Before we start with the solution, let's recap a few basic concepts.
In probability theory and statistics, the geometric distribution is either of two discrete probability distributions:
- The probability distribution of the number X of Bernoulli trials needed to get one success, supported on the set { 1, 2, 3, ...}
- The probability distribution of the number Y = X − 1 of failures before the first success, supported on the set { 0, 1, 2, 3, ... }
Both of these distributions satisfy the property of being memoryless.

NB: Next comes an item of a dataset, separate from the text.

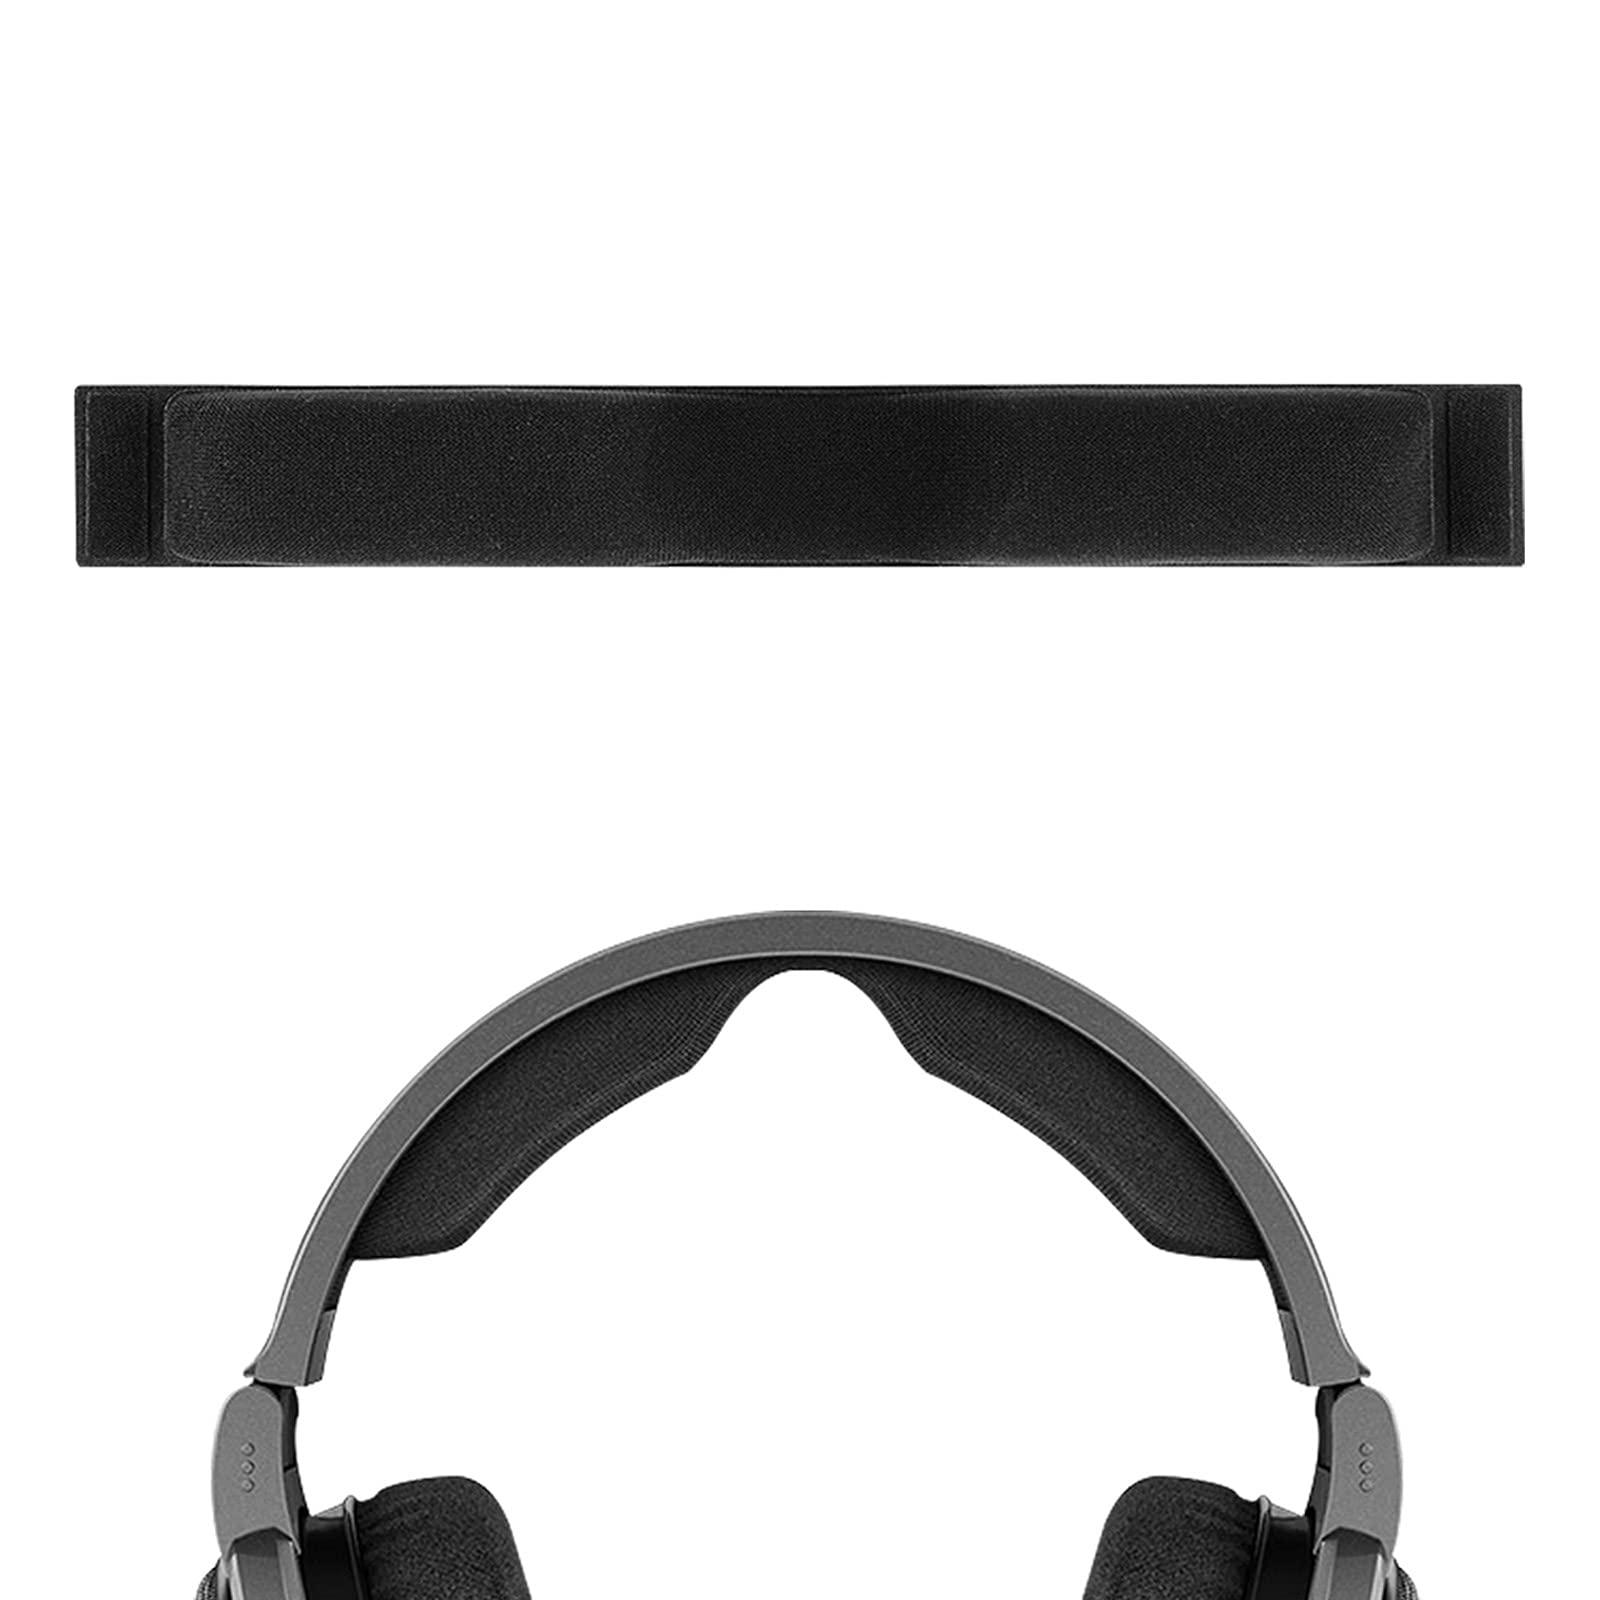 Geekria Mesh Fabric Headband Pad Compatible with Sennheiser HD650, HD660 S, HD6XX Headphone Replacement Headband/Headband Cushion/Replacement Pad Repair Parts (Black).
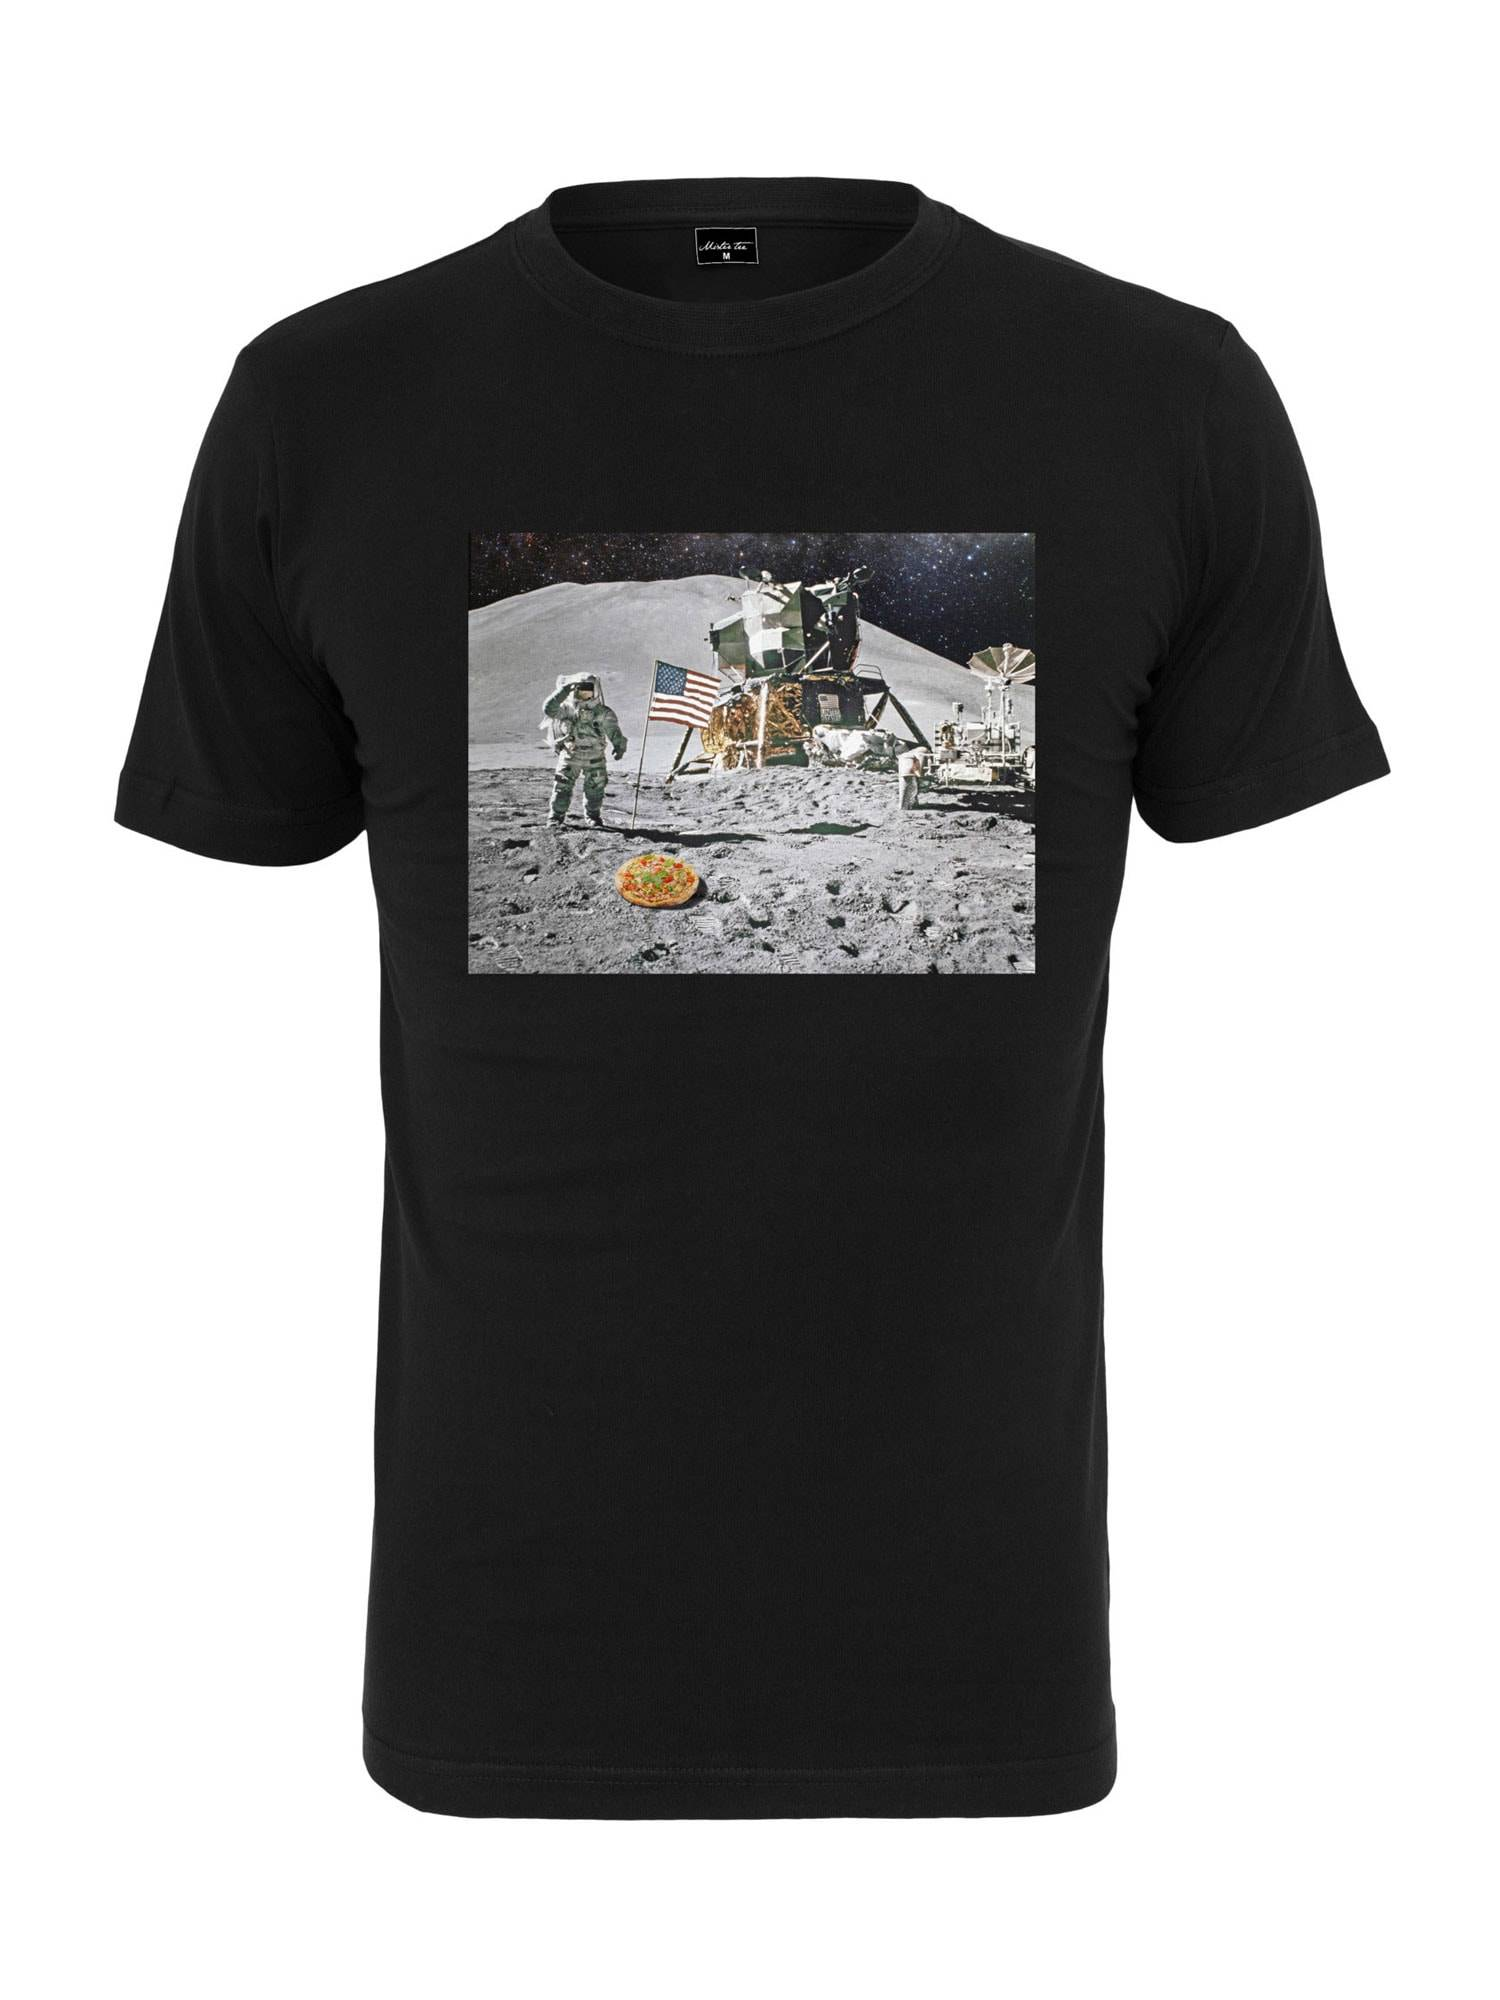 Tee T-Shirt 'Pizza Moon Landing'  - Noir - Taille: XL - male

A statistic T(X1, ..., Xn) is said to be a sufficient statistic for a parameter θ if the conditional probability distribution of the data, given the statistic, does not depend on the parameter. That's what we want to prove for a geometrically distributed random sample and its sum.
Let's start the proof:
First, the relevant probability mass function is given by
P(Y = y) = (1 - p)^(y-1) * p, for y = 1, 2, 3, ...
Therefore, the join probability mass function of our sample y1, y2, ..., yn is given by
f(y1, y2, ..., yn; p) = (1 - p)^(y1 + y2 +. . . + yn - n) * p^n
Which equals to [p/(1 - p)]^n * (1 - p)^(y1 + y2 +. . . + yn)
Now, you could tell me that this expression seems to depend not only on the sum Y = y1 + y2 +. . . + yn of the random variables, but also in the number n of addends. However, in the context of this problem it's fair to assume that the number n of trials is known, and therefore, we have a function that only depends on the parameter p and the sum Y of the random variables.
Hence, Y = y1 + y2 +. . . + yn is a sufficient statistic for the parameter p in a geometrically distributed random sample.
Note: As a complement, it's worth noting that the sum of geometrically distributed random variables follows a negative binomial distribution. The expectation and the variance of a negative binomial distribution only are functions of the parameter p.